Покосившись через плечо назад, я вижу, как ворота исчезают из поля зрения – я захожу за поворот. Разум отключился, я больше не отсчитываю свои шаги. Ноги упрямо несут меня все дальше. Еще миг – и я замечаю кое-что впереди. На обочине дороги. Машину. Пикап.
Иногда – когда пробуждаешься от глубокого-глубокого сна и твои глаза резко распахиваются – ты на короткую долю секунды не можешь вспомнить, где находишься. Комната и колыхание занавесок на открытом окне кажутся незнакомыми; словно твое сознание включается не сразу, а остается замутненным сном.
Нечто подобное я ощущаю при взгляде на пикап.
Поперек дороги лежит упавшее дерево, разметав в стороны поломанные ветви и полностью преградив путь. Пикап стоит наискось, глядя носом в брешь между деревьями. Как будто водитель попытался съехать с дороги и направить его в эту брешь, но застрял – в глубокой весенней грязи или еще более глубоком зимнем снегу.

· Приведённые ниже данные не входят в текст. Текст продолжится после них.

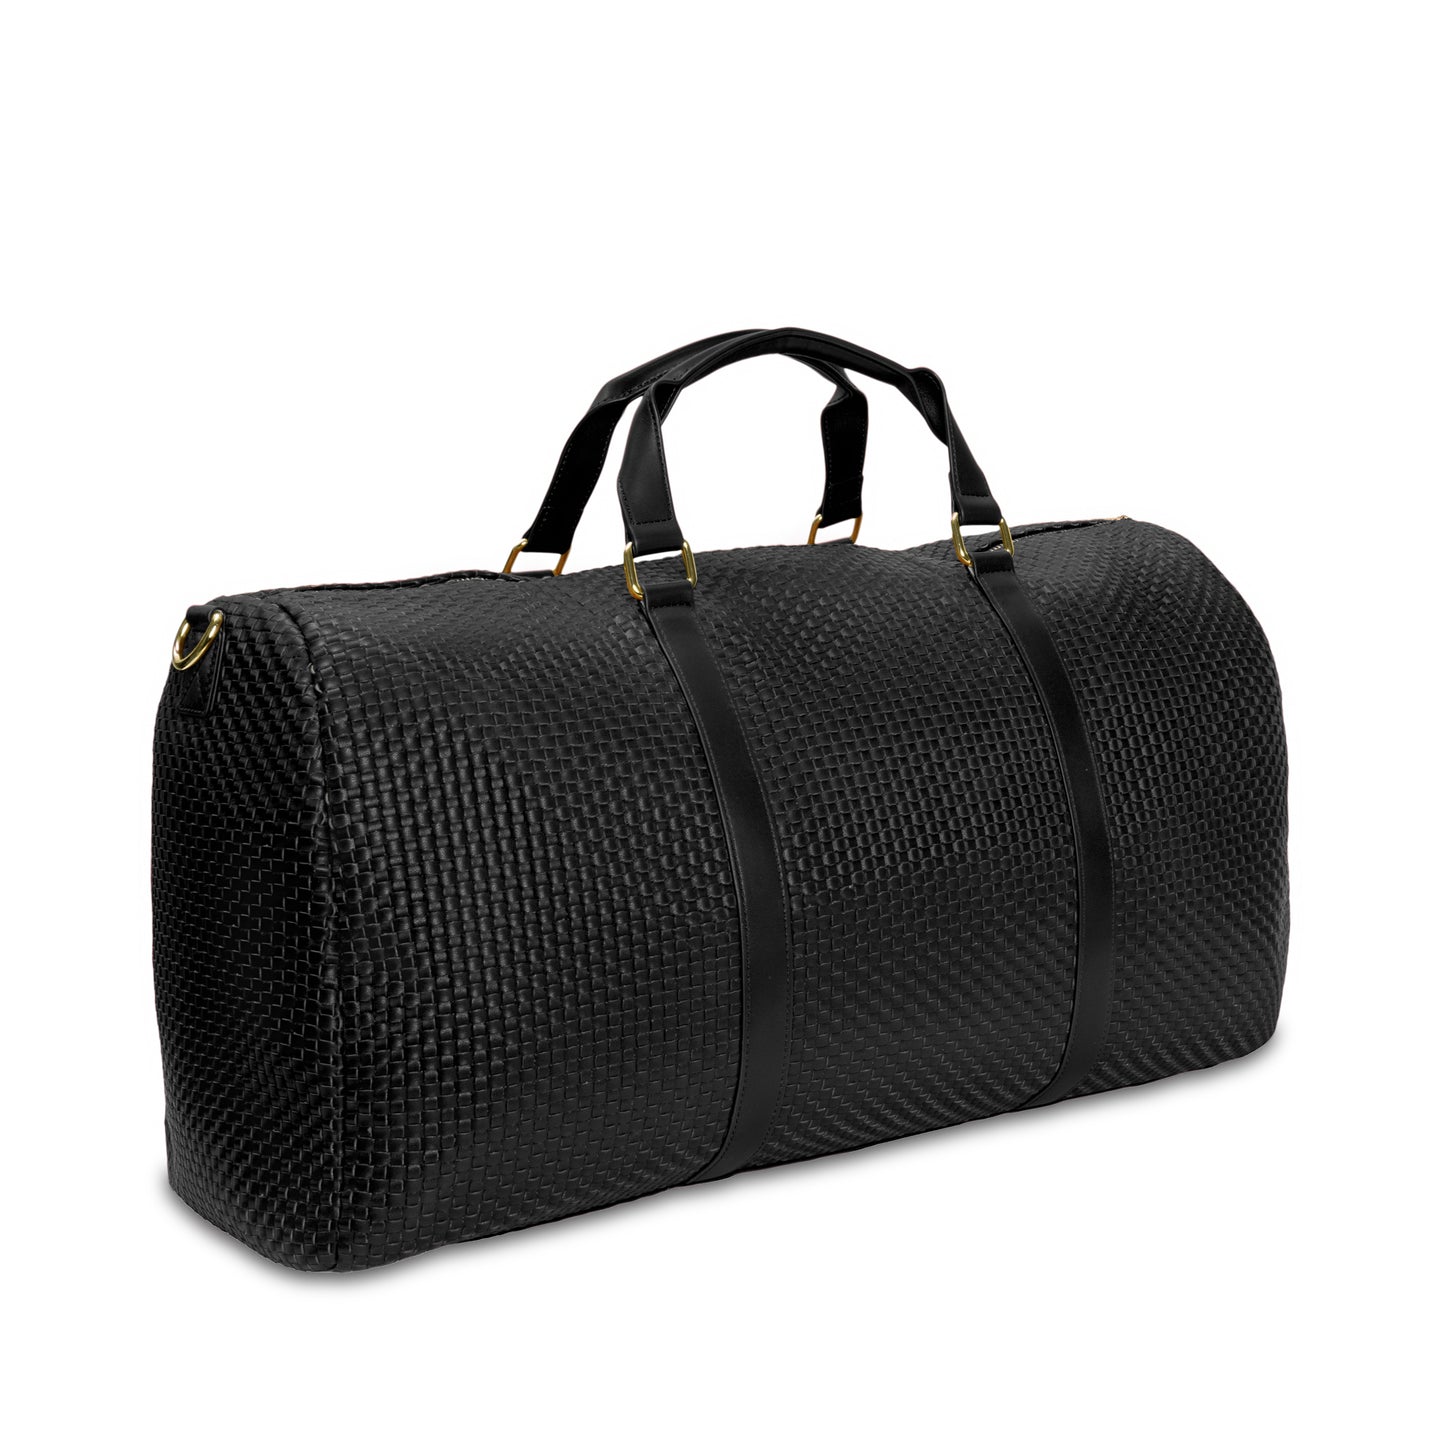 The Lisi Duffle Bag - Intense Black

Я подхожу ближе, вопреки страху, воскресшему и больно сдавившему грудь. Мне не следует здесь находиться! Лобовое стекло и капот покрывают пожухлые листья и гниющие сосновые иголки – пикап простоял тут недолго, скорее всего, и года не прошло. Колеса с водительской стороны утоплены в земле, скованы ею. Застряли. Я дотрагиваюсь до дверной ручки, и по шее пробегают мурашки. Холодная дрожь, как от быстрого порыва северного ветра. Но она тут же проходит.
Я открываю дверцу пикапа и сразу отступаю на шаг – из опасения: а вдруг что-то выскочит из салона и набросится на меня? Или я найду на полу окаменевшее тело человека, умершего от холода, голода или гнили. Но трупа в машине нет, как и запаха разлагающейся плоти. Пикап выглядит нетронутым. Нераздельное сиденье, приборная панель, ручки настройки радиоприемника, рулевое колесо – все застилает слой пыли, той сухой летней пыли, что просачивается в щели окон, дверей и пола.
Ничего существенного в салоне нет. Никаких предметов, которые могли бы мне подсказать, как здесь оказался этот пикап. А когда я опускаю солнцезащитный козырек, на пол падают бумаги: страховой полис с истекшим три года назад сроком действия, купон на скидку при замене масла в «Маслах и смазках от Фредди» в Сиэтле (тоже просроченный). Подобрав регистрационную карточку пикапа, изучаю детали: транспортное средство зарегистрировано на имя Тревиса Рена. Это имя ничего мне не говорит.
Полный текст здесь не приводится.